## PROBLEM
The whole listing is to be written out again exactly; the pictures are not.

## COLLECTED MATERIAL
Content starts

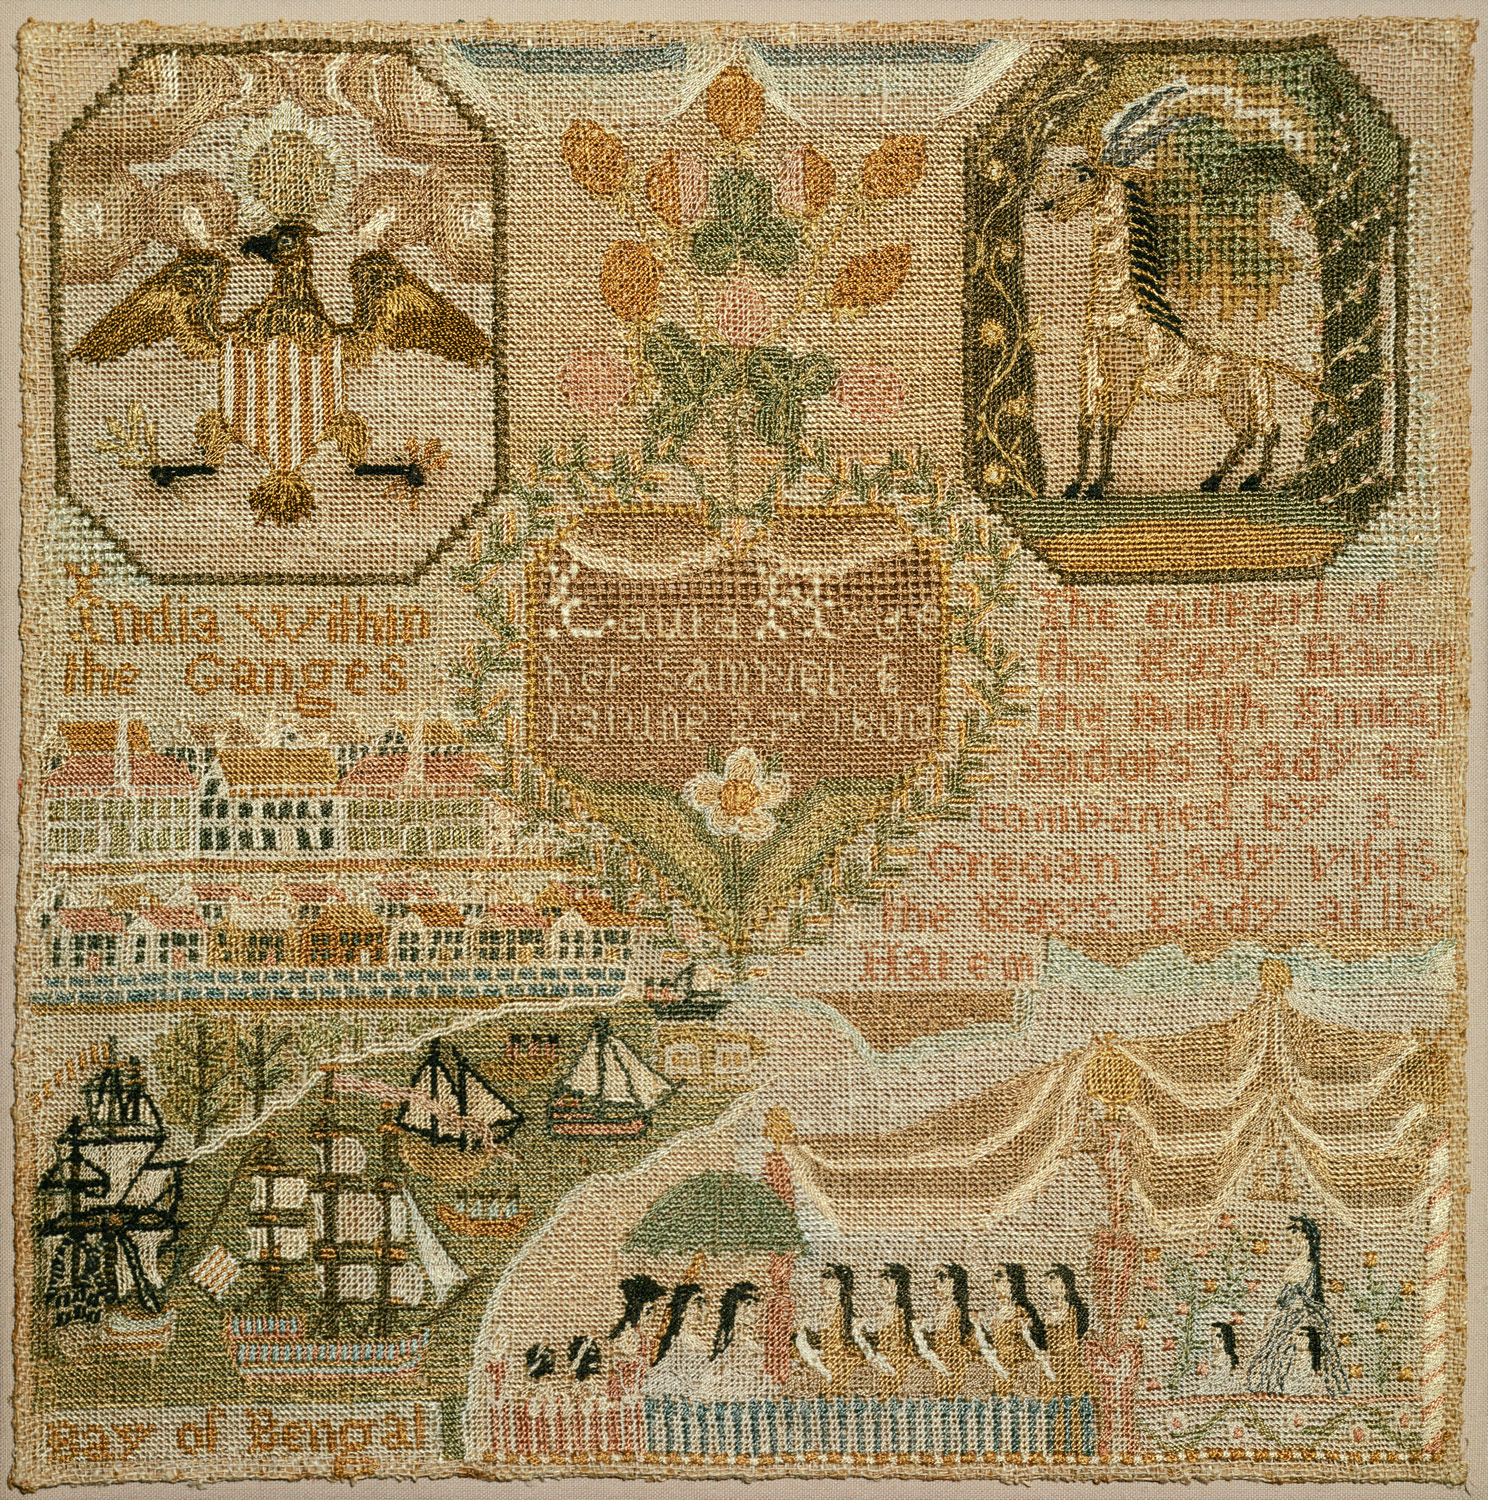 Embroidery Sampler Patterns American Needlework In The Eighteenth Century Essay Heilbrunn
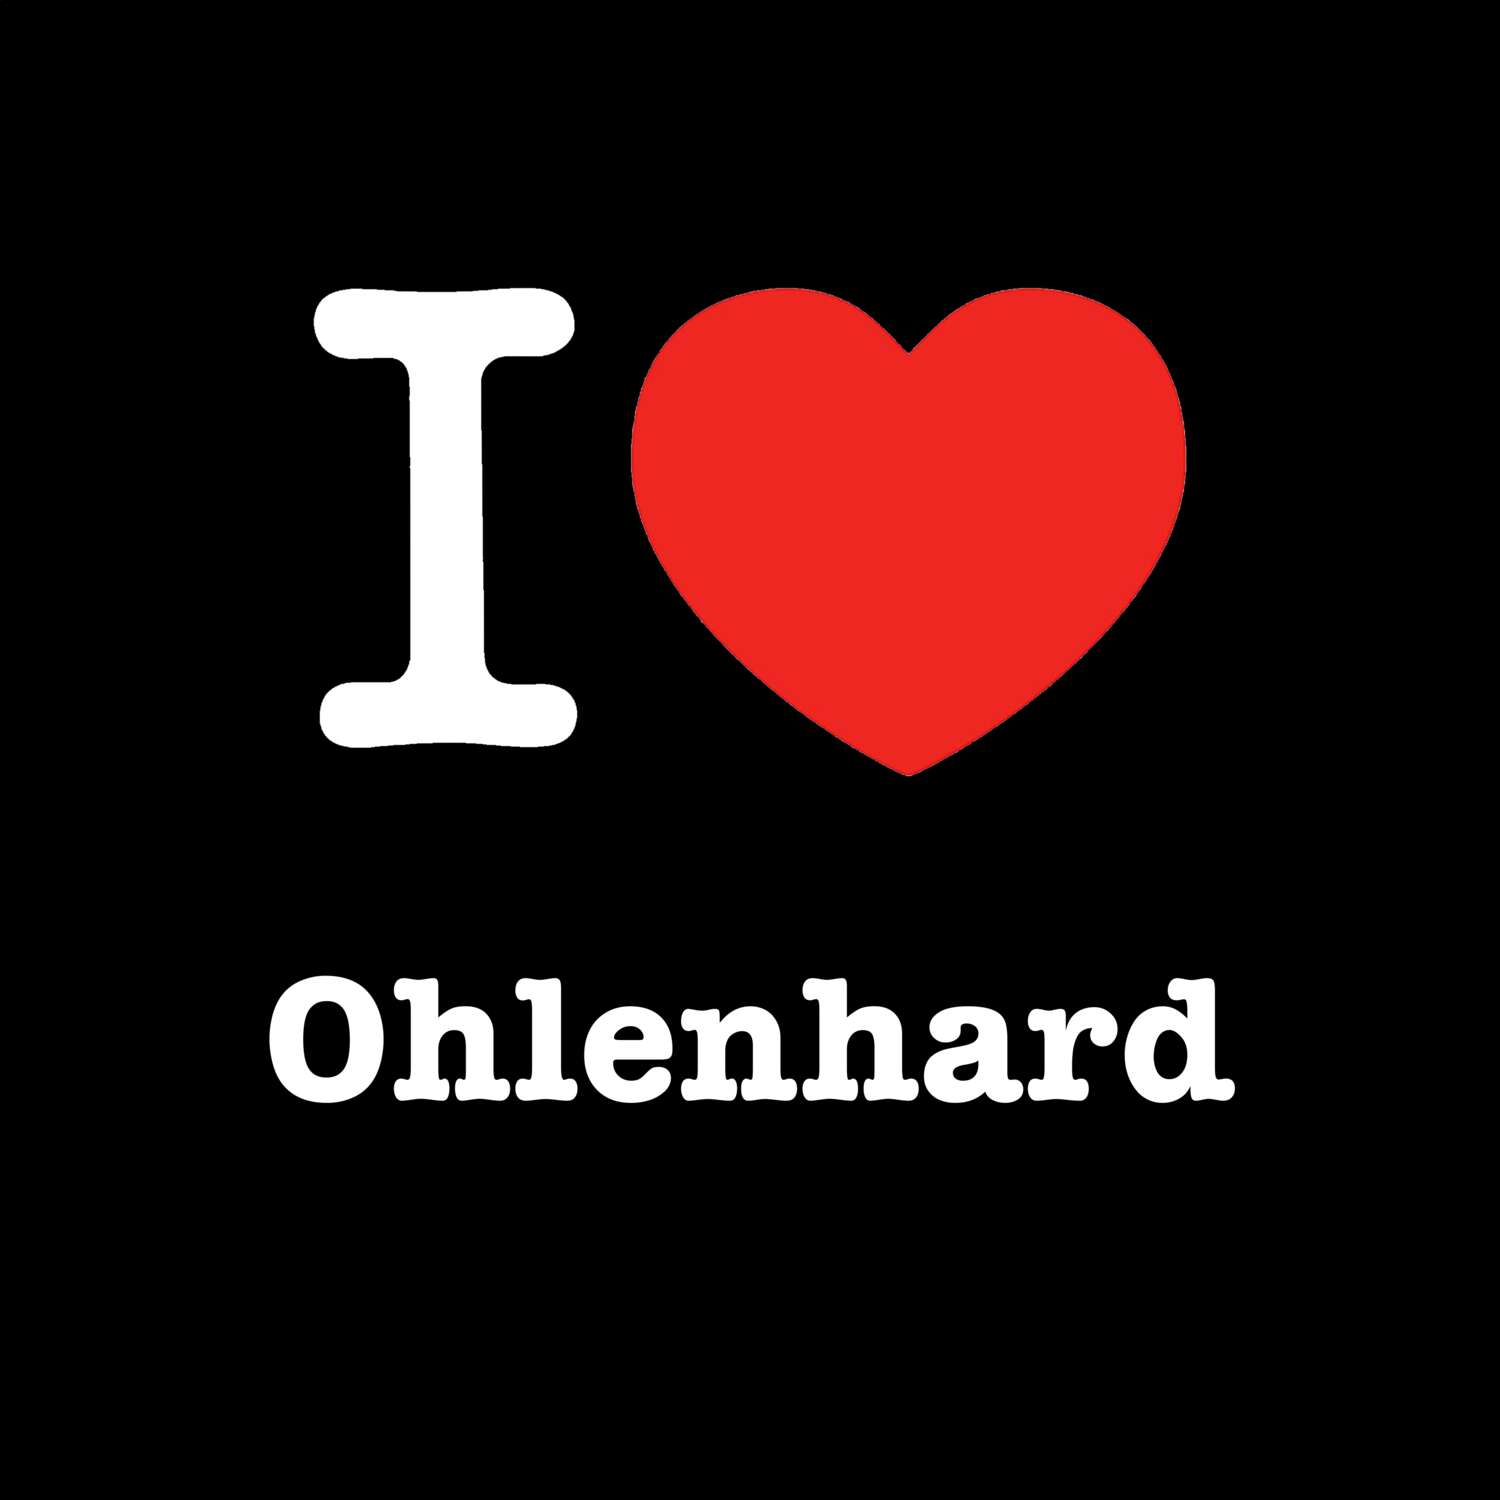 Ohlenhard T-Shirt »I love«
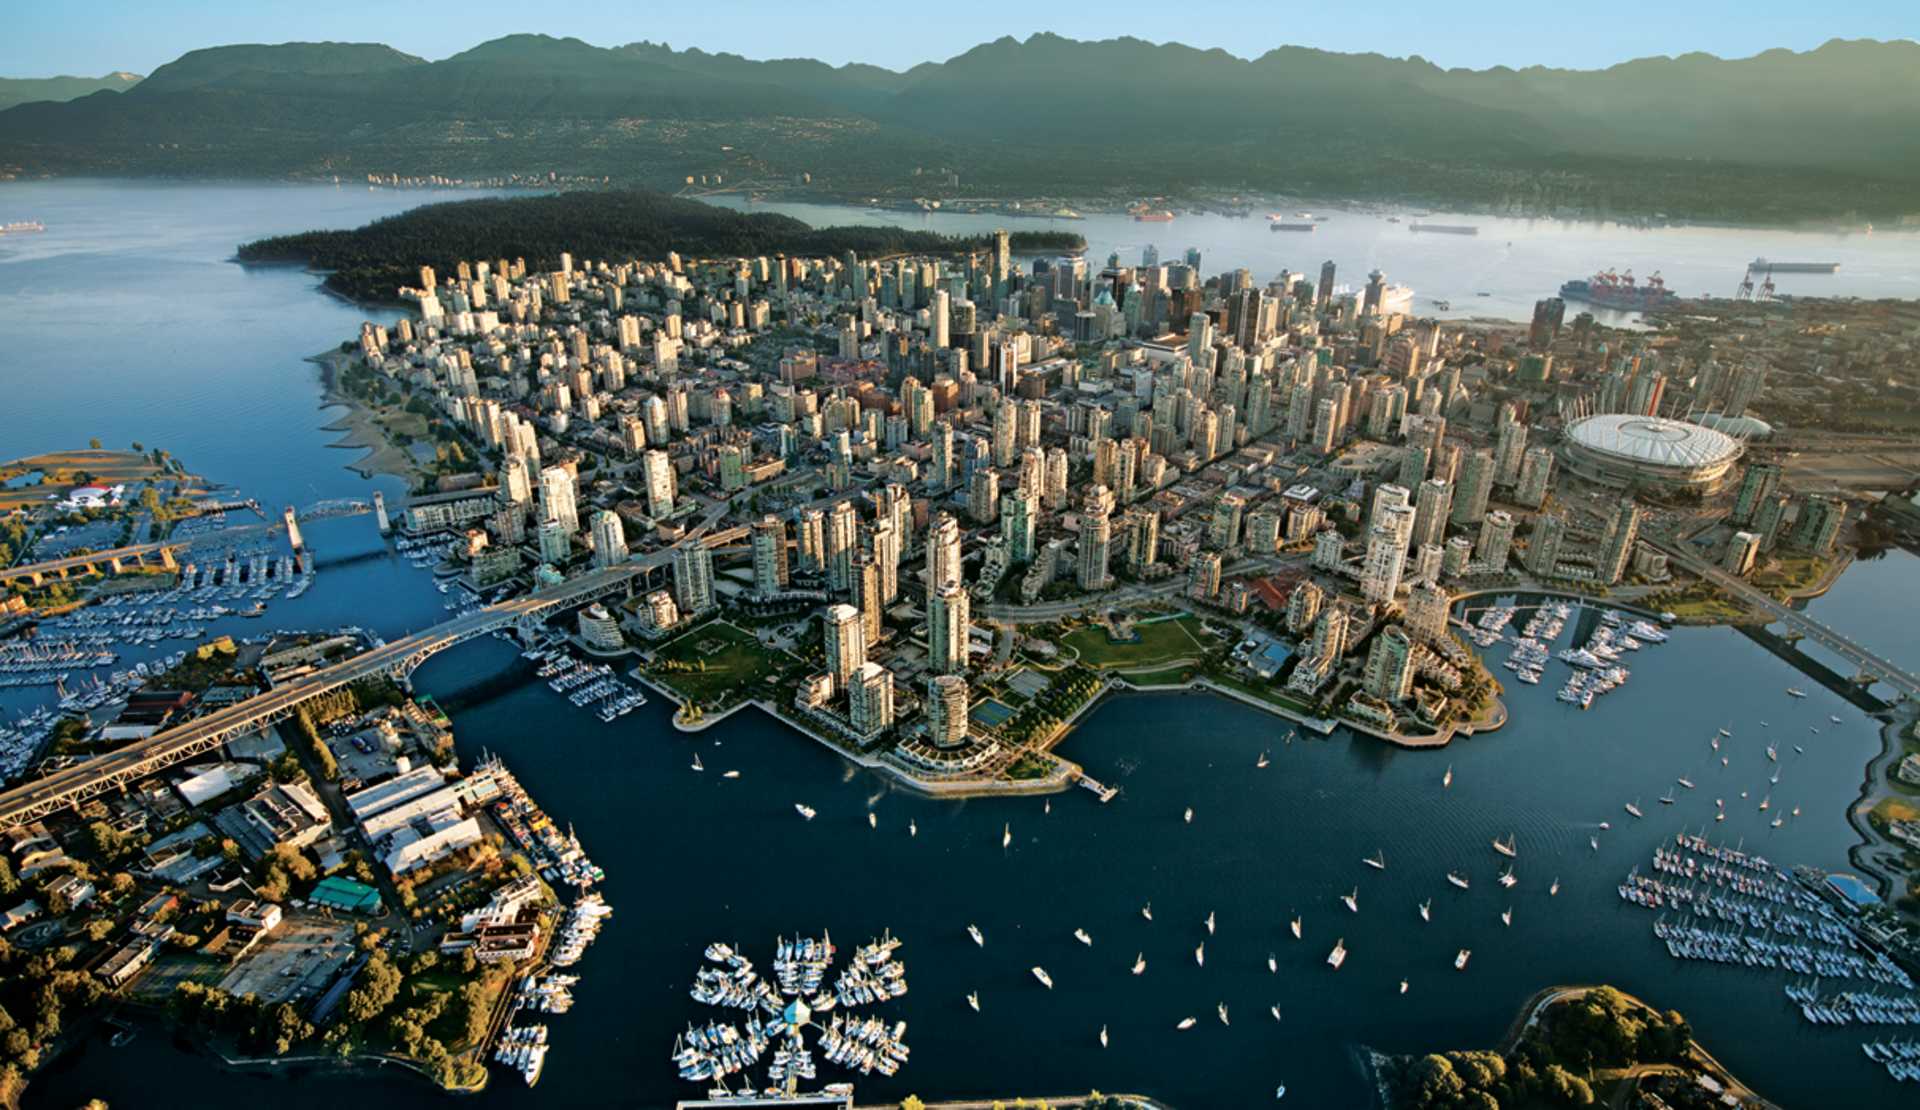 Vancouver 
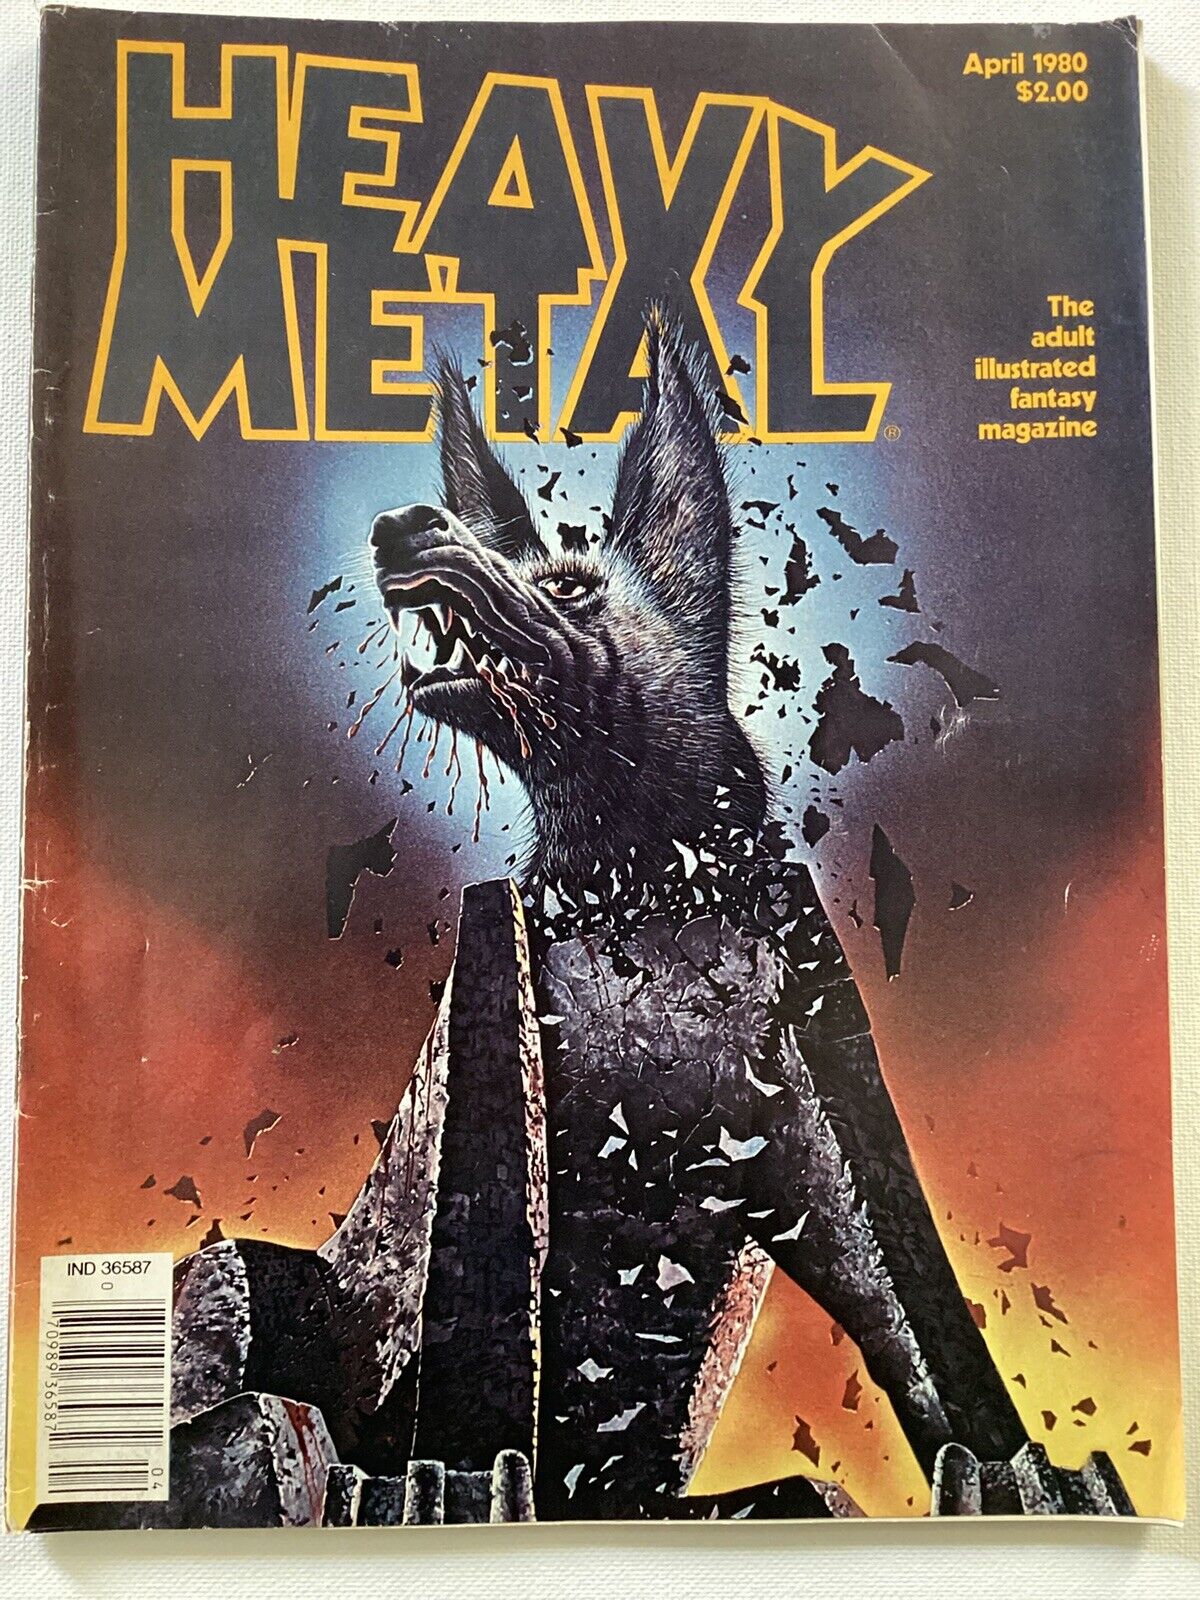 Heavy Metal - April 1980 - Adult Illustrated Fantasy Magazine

Content ends

## YOUR SOLUTION
 Embroidery Sampler Patterns American Needlework In The Eighteenth Century Essay Heilbrunn
 Ohlenhard T-Shirt »I love«
 Vancouver 
 Heavy Metal - April 1980 - Adult Illustrated Fantasy Magazine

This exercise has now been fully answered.